Attorney-at-Law

“TOO SOON ARRIVES AS TARDY AS TOO LATE” – ONE MORE ONCE

In Uncategorized on 07/11/2019 at 16:45

Today William James Basie meets William Shakespeare yet again, as we examine Irvin Hannis Catlett, Jr., 2019 T. C. Memo. 86, filed 7/11/19. Irv is petitioning a NOD from a CDP, but IRS has withdrawn the NFTL and abated all the assessments underlying same, so Judge Albert G (“Scholar Al”) Lauber dismisses Irv’s petition as moot.

Irv ran a tax prep operation, from which he got the assessments and NFTL at no extra charge. He went down in USDCDMD on one count of conspiracy to defraud the US of A (18 USC §371), ten (count ‘em, ten) counts of Section 7206(2) prepping phony tax documents, and one count of Section 7212 obstruction. 4 Cir. affirmed, so Irv at time of petition is our guest, and is expected to remain so until 2026.

Oh, and the District Court ordered $3.8 million in restitution, to be paid $500 per month during Irv’s three years of supervised release, which commences when Irv is sprung.

Well, since Irv doesn’t owe until he starts his supervised release in 2026, IRS can’t assess, lien or levy. But once he rejoins the Free World, IRS will be back.

Irv yells “No! Remember Vigon!” I’m sure all y’all vividly recollect Matthew Dean Vigon, star of my blogpost “Crafty – Akin to the Weasel,” 7/24/17.  Irv’s argument is that releasing the lien and abating the assessments doesn’t determine my liability, and I didn’t get a fair trial.

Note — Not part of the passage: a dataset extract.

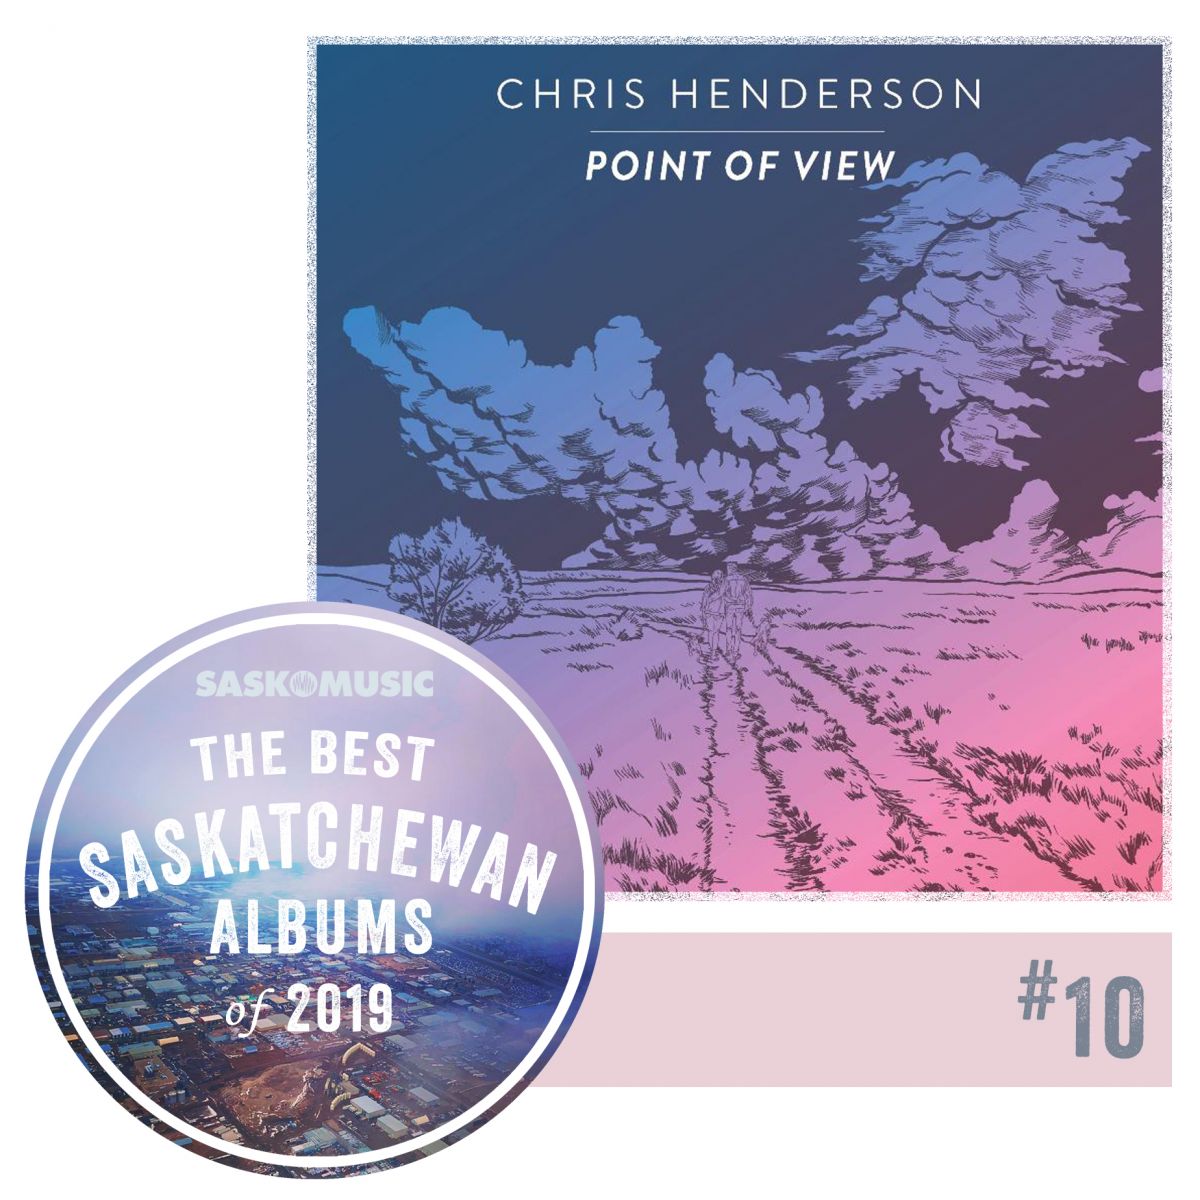 Chris Henderson - Point of View
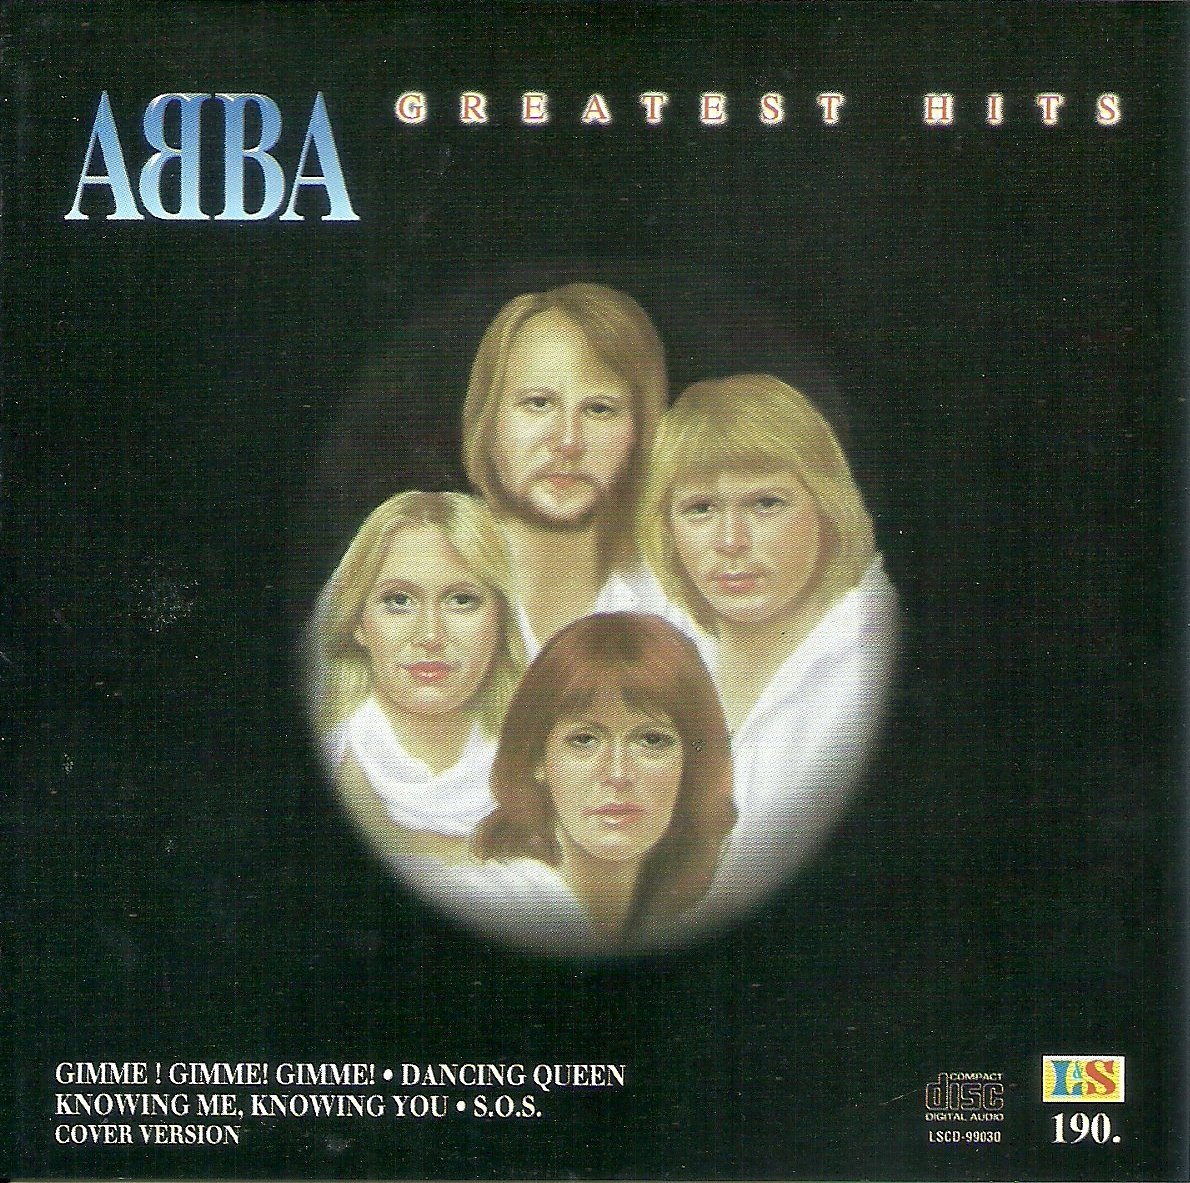 Abba - The Greatest Hits (Cover Version)

Judge Scholar Al distinguishes both himself and Matty Dean.

“The Tax Court is an Article I court that is not directly constrained by the case or controversy requirement under Article III of the Constitution.  However, the same principles apply to the exercise of our judicial power.  Accordingly, we will dismiss a case as moot if the parties’ subsequent actions have produced a situation in which neither party retains any ‘legally cognizable interest in the outcome.’

“Generally, a CDP case becomes moot when we can grant the taxpayer no further relief.” 2019 T. C. Memo. 86, at p. 7. (Citations omitted).

But of course Tax Court can redetermine liability where petitioner had no chance to litigate same before. Except Irv did. He lost his trial in USDCDMD, 4 Cir affirmed, and that affirmation is final.

“The instant case differs from Vigon in a critical respect.  The premise of our analysis in Vigon was that the taxpayer had raised a proper challenge to his underlying liability for the penalties, a challenge that we had the authority to adjudicate. Petitioner, by contrast, has not raised a proper challenge to his underlying liability for the restitution, and we have no authority to adjudicate that question. His liability for the restitution was fixed by the District Court’s sentencing order, which is now final, and section 6201(c)(4)(C) bars him from challenging the amount of the restitution he has been ordered to pay.” 2019 T. C. Memo. 86, at pp. 11-12.

Matty Dean was fighting Section 6702 nonassessables. You can’t petition those, since you get no SNOD for those, so no Tax Court trial. Irv got a USDC trial and a 4 Cir appeal.

“In sum, petitioner’s underlying liability for the restitution is not properly before us.  By withdrawing the NFTL filing and abating the assessments as premature, respondent has afforded petitioner all the relief to which he was entitled at the CDP hearing.  Because there is no other relief that we can possibly grant, there is no case or controversy left for us to decide, and we will accordingly dismiss this case as moot.  If respondent elects to reassess the restitution after petitioner is released from prison, current law permits petitioner to challenge that collection effort (on grounds other than nonliability for the restitution) at a future CDP hearing. And if he is dissatisfied with the outcome of that hearing, he may petition this Court for review.” 2019 T. C. Memo. 86, at p. 13.

I make the morning line 8 to 5 that Irv will be back in 2026.